The judgment is bound to stir debate among the refugee and human rights law contingent. First, it underlines that States are under an obligation to decide on asylum claims within a reasonable time frame, thus pre-empting any attempts by States to justify delays in the asylum process on account of the recent spike in the number of asylum claims. Indeed, throughout the past two decades, European States – such as Greece – have taken cover behind the ‘back log’ of accumulating asylum cases as a reason to keep asylum applications pending for years. What is more, States will think twice before refraining from deciding asylum applications on account of foreign policy considerations. The Court has paved the way for (rejected) asylum applicants to attach weight to States’ delays in examining their application. In this sense, the present case differs from past expulsion cases, such as Nnyanzi v the UK, where the Strasbourg Court, dismissing an Article 8 claim by a Ugandan rejected asylum applicant, argued that her removal was not rendered ‘disproportionate by any alleged delay on the part of the authorities in assessing [her asylum and human rights claims].’ (§76)

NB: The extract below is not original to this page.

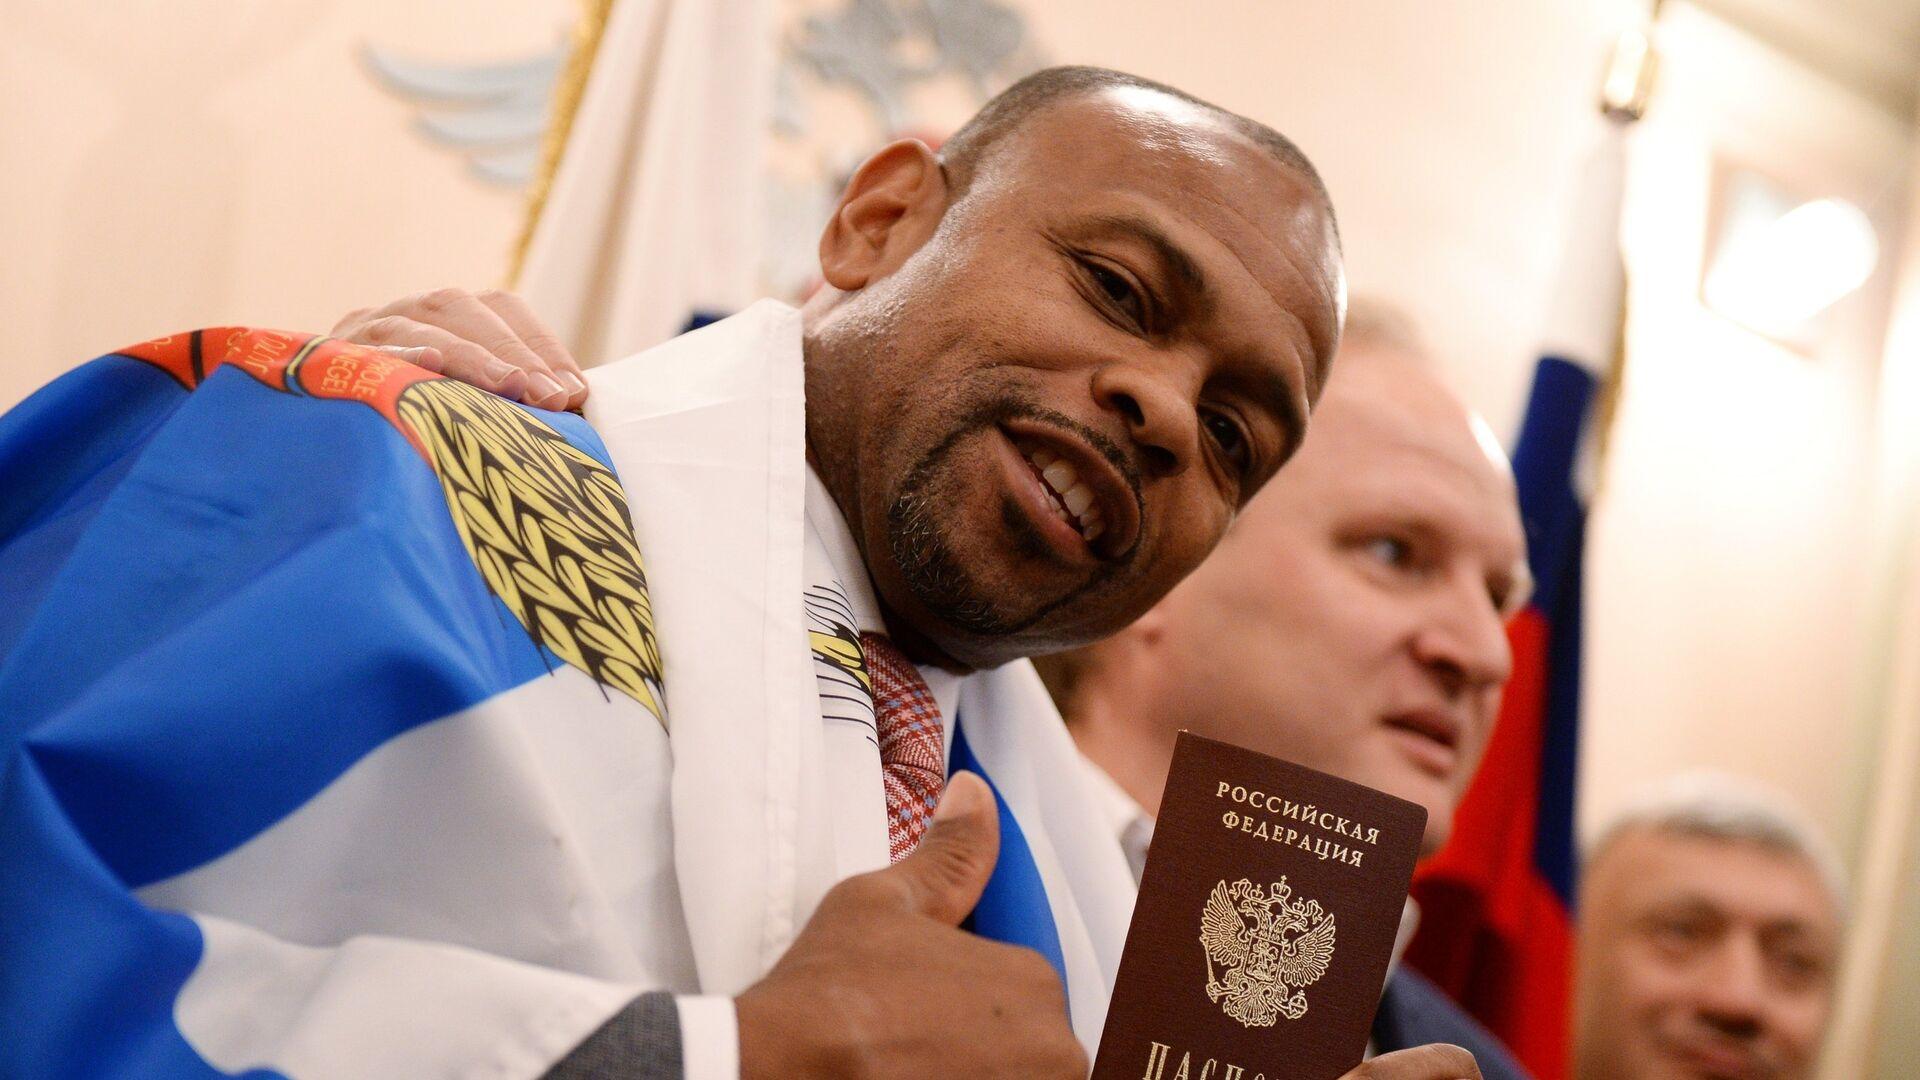 Roy Jones muestra su pasaporte ruso durante la ceremonia de naturalización en Moscú (Rusia), el 27 de octubre del 2015 - Sputnik Mundo, 1920, 12.07.2021

Second, and more important, the Court attaches legal weight in the light of Article 8 to the impediments created by the host State to the asylum seeker developing social ties pending examination of his/her asylum claim. In past cases involving asylum claims, the Court treated any ties formed as tainted since the status of the applicant was seen to be precarious ‘from the outset’ (see Useinov v. the Netherlands). This may well be the case where an asylum claim is filed upon the service of a deportation order after overstaying one’s visa; in other words when the asylum claim serves to prolong one’s lawful presence in the host State. Yet, to create impediments to the formation of such ties, whilst delaying the examination of a bona fide asylum application filed upon arrival, is manifestly unfair. For once, the asylum seeker is legally present in the host State and, what is more, presumed a refugee pending decision on the asylum application. An asylum seeker should thus be allowed to form social ties within the host State in the light of Article 8. The burden now lies with States to effectively and speedily examine asylum applications, with a view to preventing social ties being formed. States cannot both prolong the duration of the examination of asylum applications beyond any reasonable time frame (for reasons or failings of their own) and defeat any protection accorded to asylum seekers under Article 8 ECHR.